▶ _Provided data_
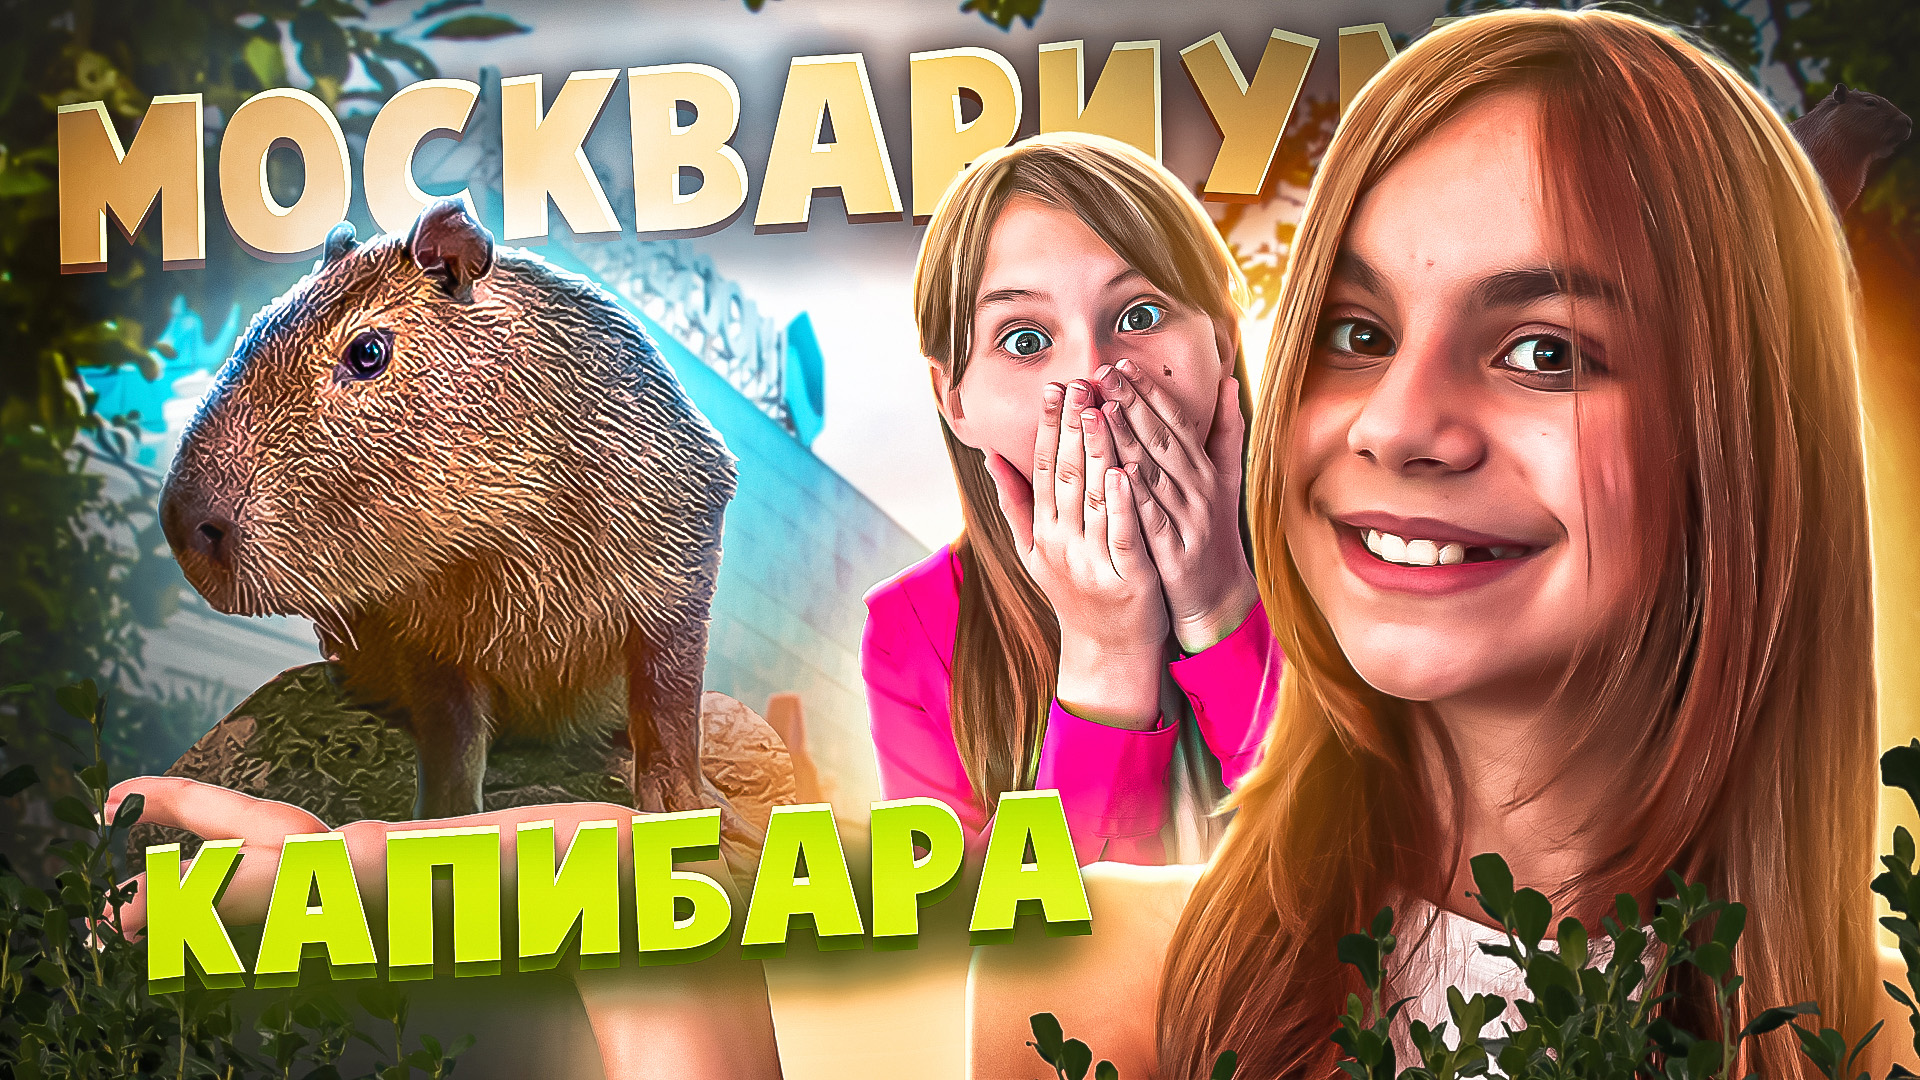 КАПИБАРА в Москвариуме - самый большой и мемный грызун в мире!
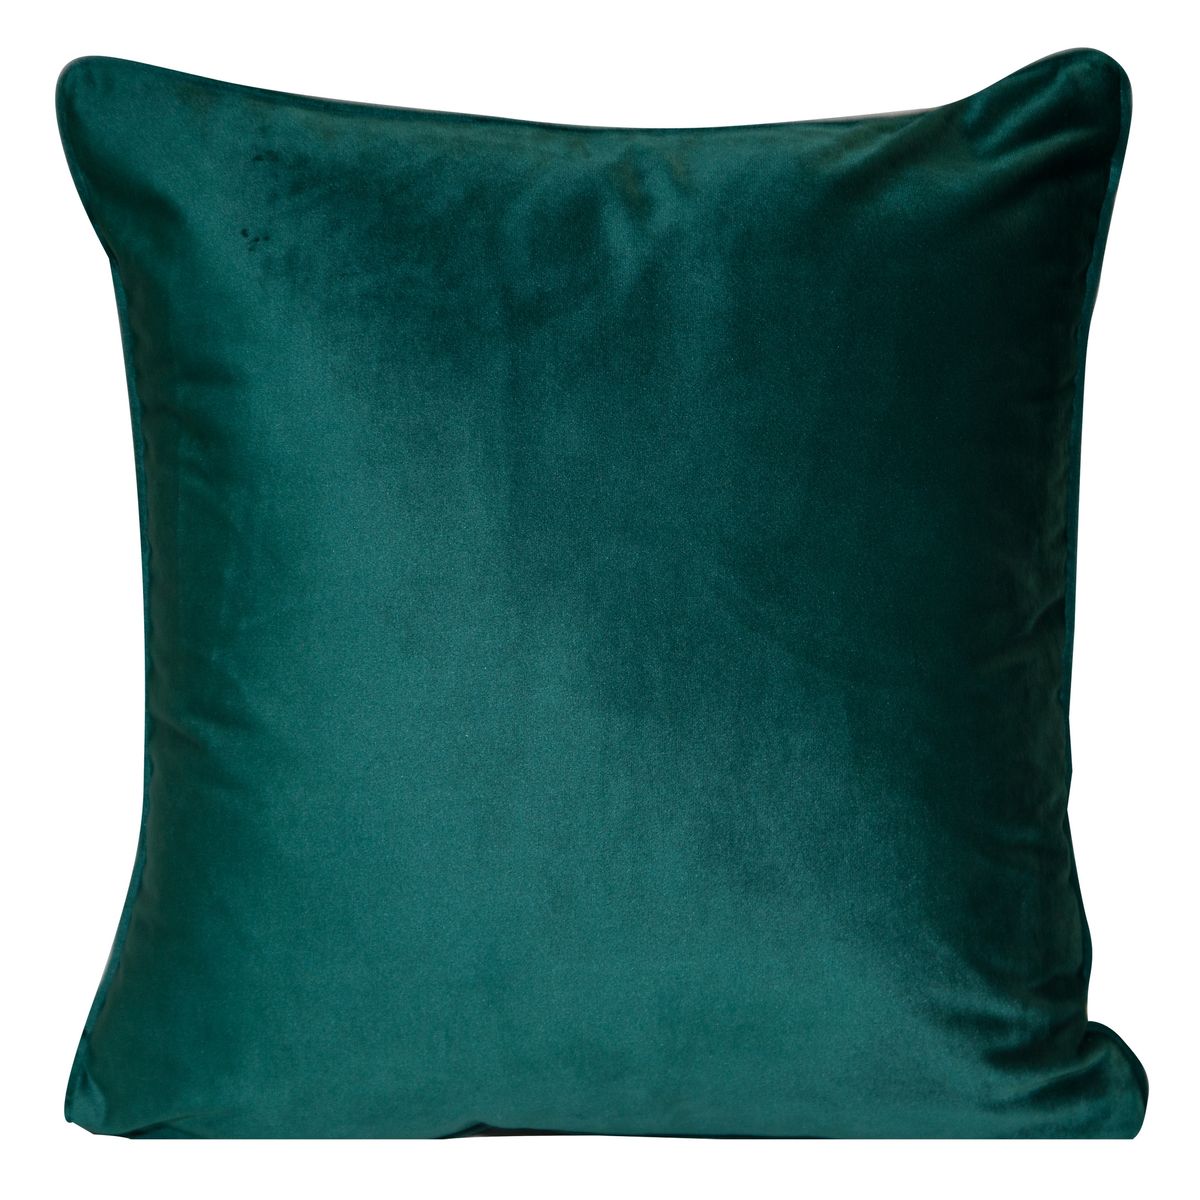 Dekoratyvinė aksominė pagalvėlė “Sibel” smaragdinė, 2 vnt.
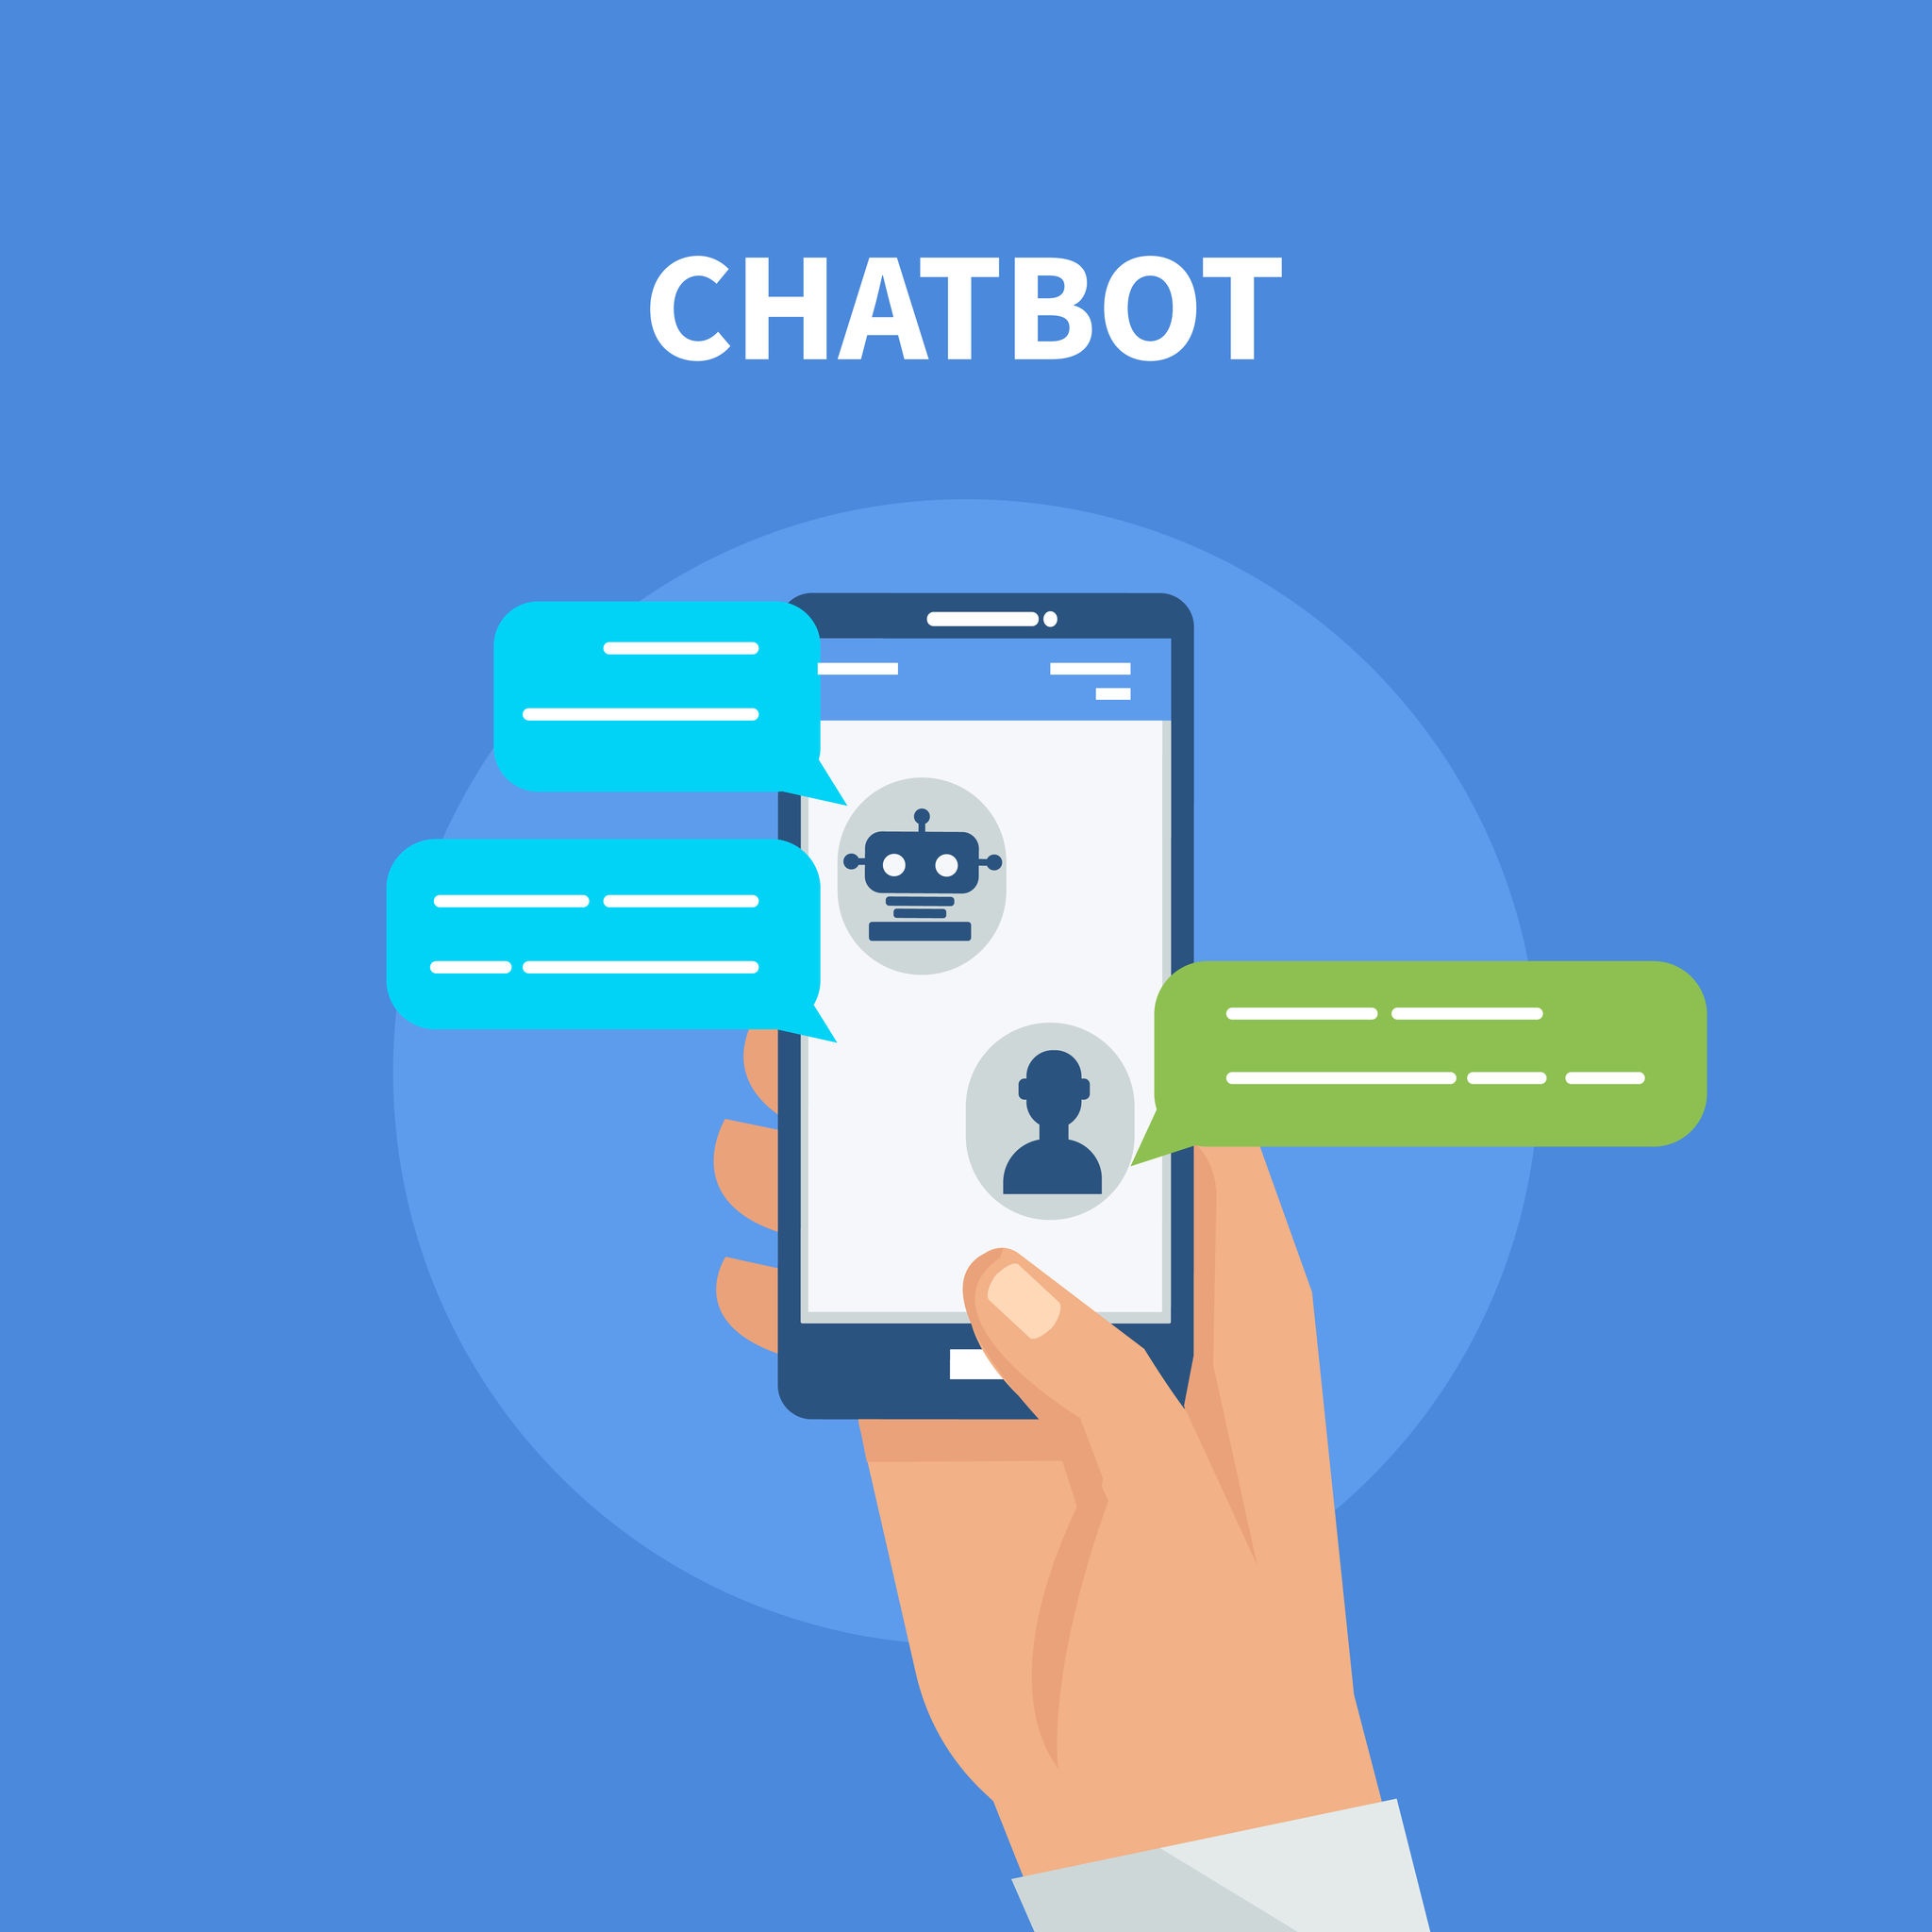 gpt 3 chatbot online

▶ _Directions_
Write the material out again exactly as it appears, dropping the pictures.

▶ _Task answer_
 КАПИБАРА в Москвариуме - самый большой и мемный грызун в мире!
 Dekoratyvinė aksominė pagalvėlė “Sibel” smaragdinė, 2 vnt.
 gpt 3 chatbot online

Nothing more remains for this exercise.